Na ausência desses elementos, a responsabilização de um fundo por obrigações de outro fere frontalmente princípios basilares do Direito Civil e Empresarial:
- Legalidade: Não se pode impor sanções ou obrigações sem respaldo em norma ou prova, sob pena de criar obrigações arbitrárias.
- Segurança jurídica: A previsibilidade dos efeitos legais depende da manutenção das personalidades jurídicas separadas, garantindo que cada agente saiba a extensão de suas responsabilidades.
- Autonomia patrimonial: Corolário do princípio da separação de bens, assegura que cada pessoa jurídica responda apenas pelos seus próprios compromissos, sem arcar por passivos alheios.
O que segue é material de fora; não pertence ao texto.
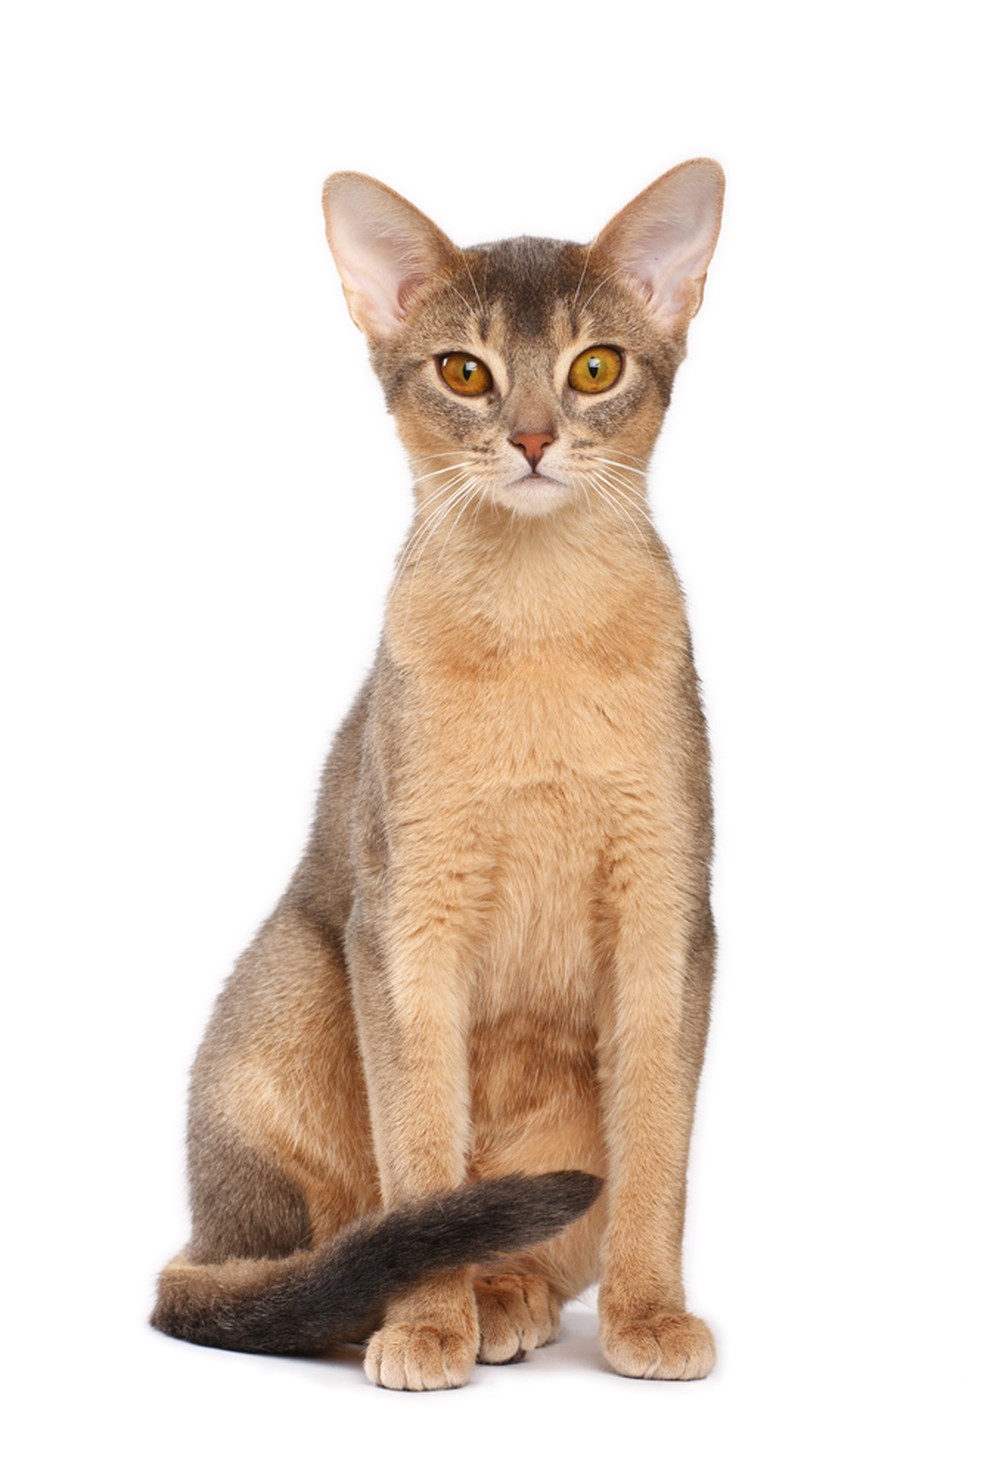 Os gatos participarão de um concurso de beleza felina, julgado por juízes convidados  — Foto: Shutterstock/Divulgação PremieRpet®

Dessa forma, basear decisões em meras presunções nominais ou em generalizações simplistas compromete não apenas a coerência do sistema de responsabilidade solidária, mas também a confiança dos investidores e operadores no regime de proteção patrimonial estabelecido pela CVM e pelo ordenamento jurídico pátrio.
Além da sigla, a realidade jurídica
Como dito, a utilização da sigla “FIDC” por diferentes fundos de investimento não autoriza, por si só, a conclusão de que integrem um mesmo grupo econômico. A classificação é resultado de exigência regulatória e representa apenas a natureza do fundo e não sua estrutura societária ou a eventual existência de vínculos com outros entes.
Decisões que atribuem responsabilidade solidária entre fundos distintos com base em tais premissas incorrem em vício de fundamentação e comprometem a previsibilidade das relações jurídicas no mercado de capitais. O respeito à autonomia e à individualidade patrimonial dos fundos deve ser preservado, especialmente quando inexistem provas de interdependência societária ou confusão patrimonial.
O debate sobre a responsabilização de fundos de investimento exige, portanto, o equilíbrio entre a proteção de direitos dos jurisdicionados e o respeito à natureza jurídica dos veículos regulados, sob pena de fragilização das garantias que sustentam o mercado de capitais e o próprio sistema de justiça.